Saturday, November 14, 2009


The icon above is by the late Sr. Aloysius McVeigh and is kept in the parish church in Glendalough.

Today is a feast day in the Archdiocese of Dublin as we honour our patron Naoimh Lorcan Ua Tuathail or Lawrence O'Toole (1128-1180) Archbishop of Dublin and a member of the a leading noble family of Leinster. His life overlaps and is comparable with that of St. Thomas a Becket (1118 – 29 December 1170). He was given into the care of the Church after a period as a hostage and became a monk at St. Kevin's monastery at Glendalough. In 1154, at the age of 26 he was made abbot. As abbot he was a reformer but also a man possessed of great compassion for the poor, a feature of his ministry as Bishop. To the end of his life he wore a hair shirt and fasted on Fridays on bread and water yet was ever the generous host with his guests.
In Dublin he had a hard job. The tiny city was a viking (Danish and Norwegian)city. He was the first Irish (Gaelic) bishop and the son of a Gaelic prince but he had the support of the clergy and the people especially after his work during a famine. He was a true pastor and a man of peace. With the arrival of the Normans to aid Diarmait against the other Irish princes Ireland began her long saga of English interference in her affairs and Lorcan found himself 'uncle-in-law' to Strongbow.
He worked to build peace between the invaders and the out-classed Irish.
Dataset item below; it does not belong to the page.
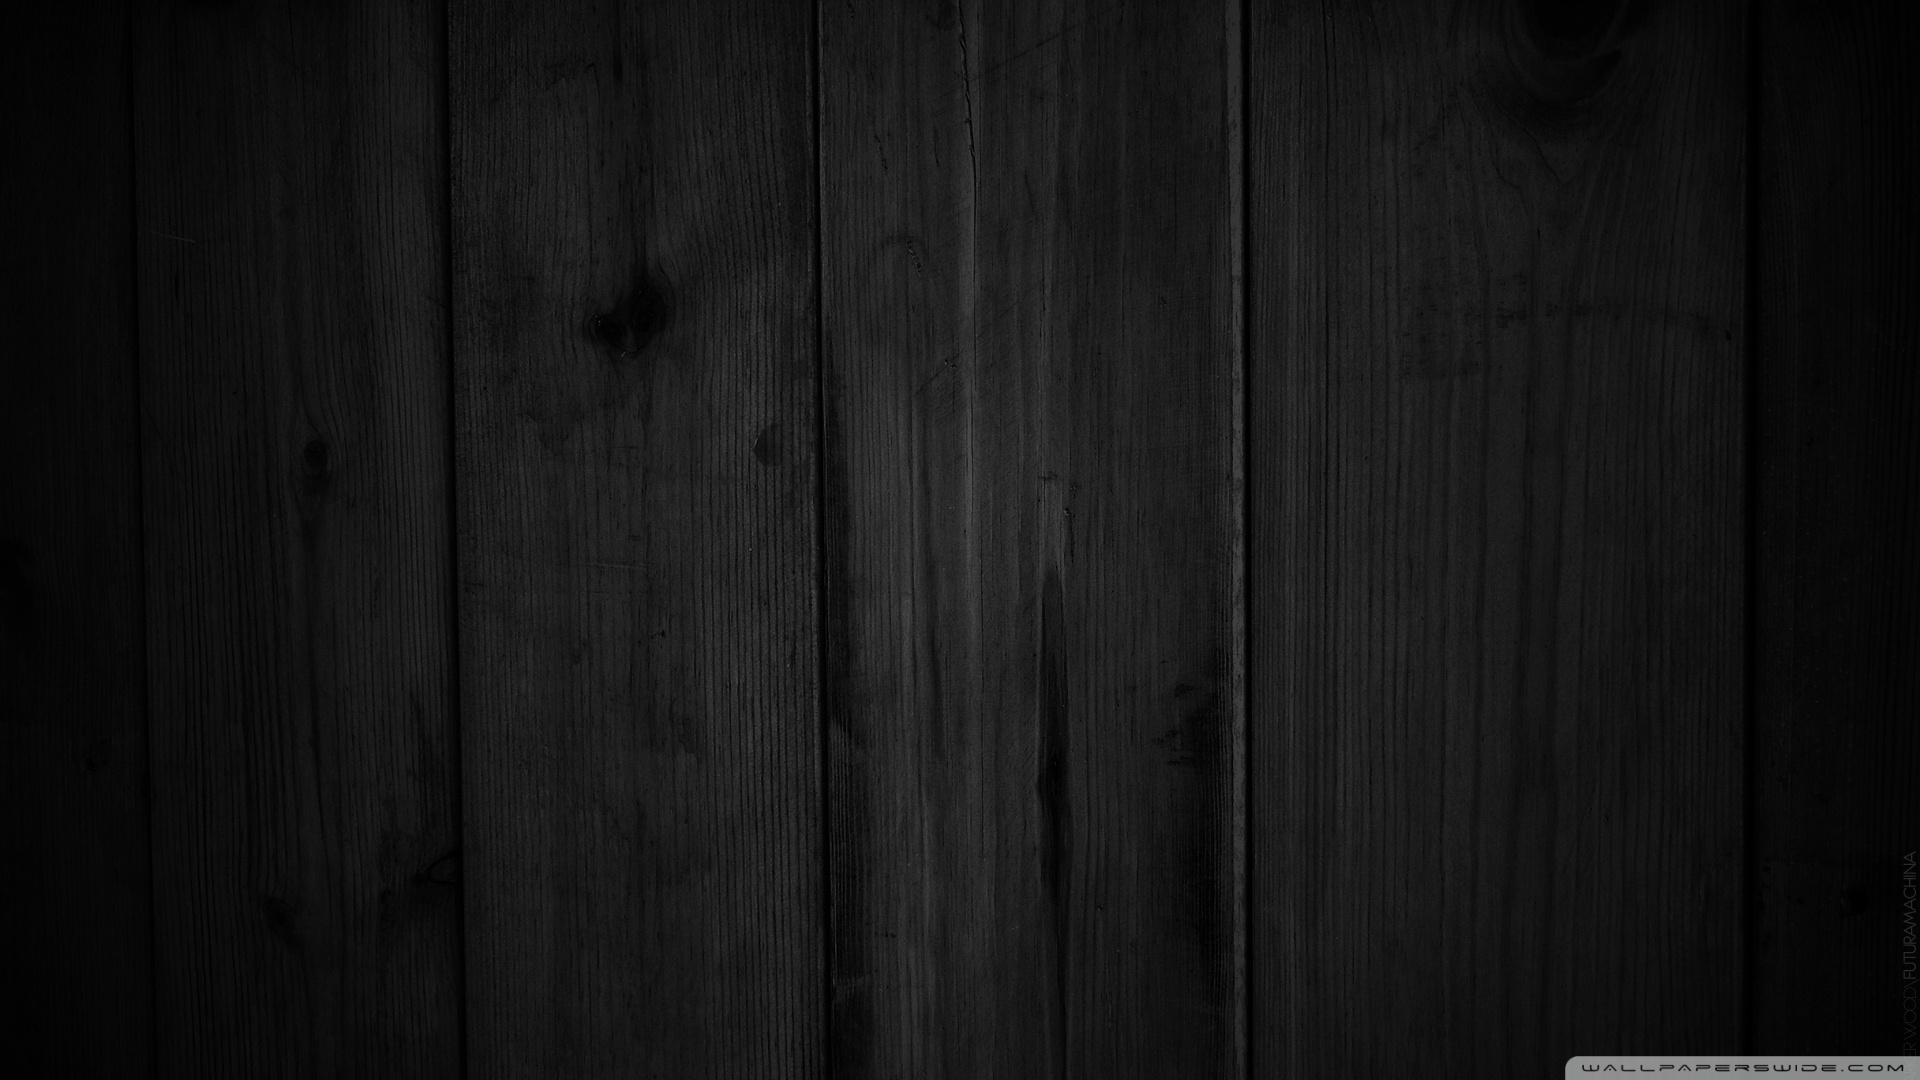 Tìm thấy một hình nền gỗ đen đầy cổ điển để làm nổi bật màn hình. Nét đặc trưng của gỗ đen sẽ tạo nên một không gian ấm áp và mang tính chất trứ danh cho màn hình của bạn.
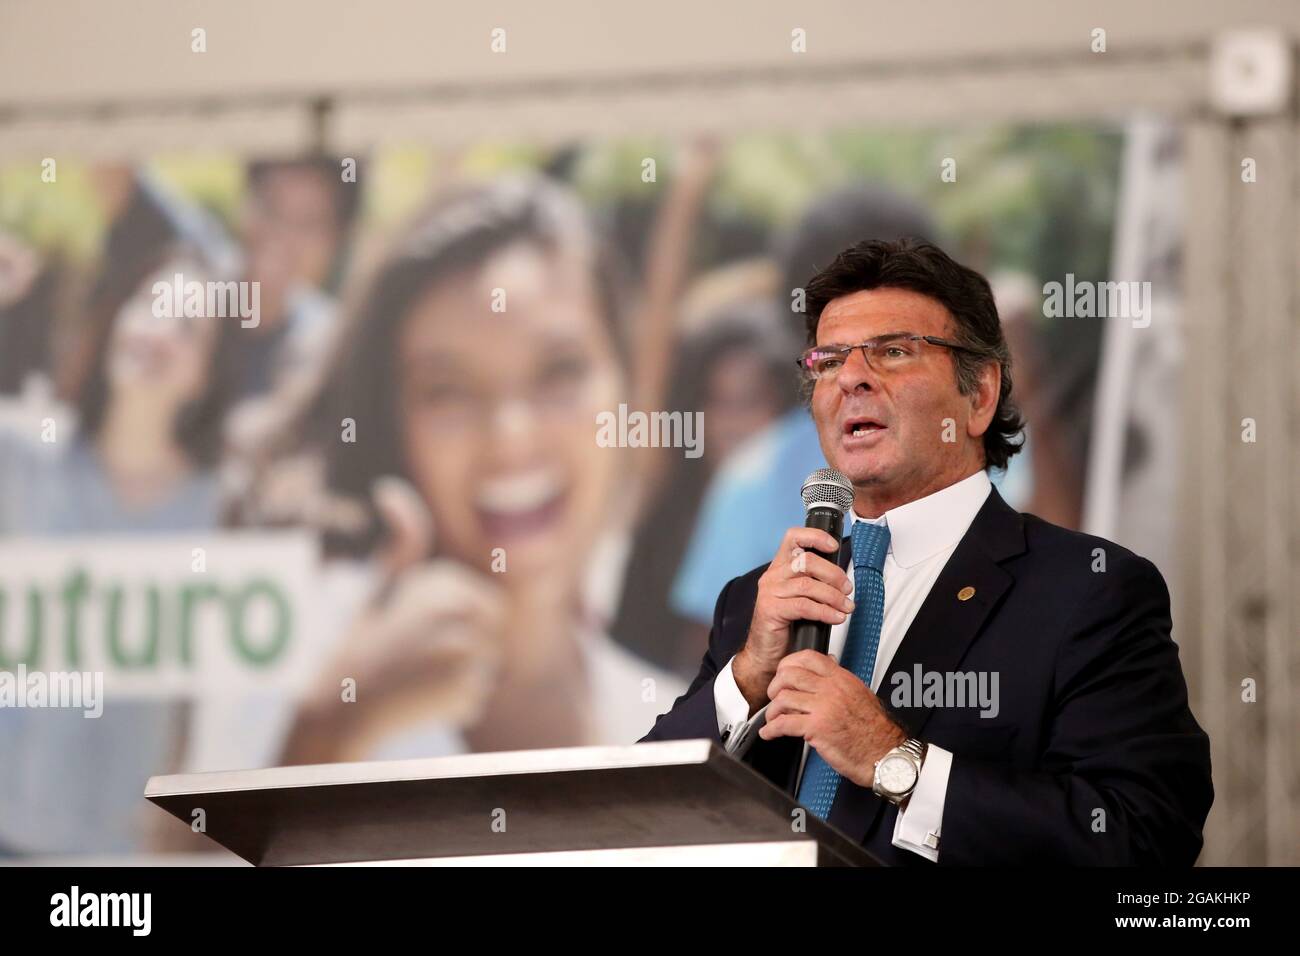 salvador, bahia, brasilien - 31. juli 2018: Der Minister und Präsident des brasilianischen Obersten Gerichtshofs Luiz Fux wird während einer Präsentation in der Stadt S zu sehen sein Stockfoto

At the same time he sought to reform the Dublin diocese. He repaired the cathedral and worked to restore clerical discipline. He attended the Third Lateran Council and so impressed the Pope that he was made a Legate. While on another mission for the High King he took ill and died at Eu in Normandy. An Irish historian has suggested that there is something suspicious in the award of Irish lands to the canons of Eu after the death of Lorcan. Did Henry II fins a less obvious way to rid himself of another troublesome priest?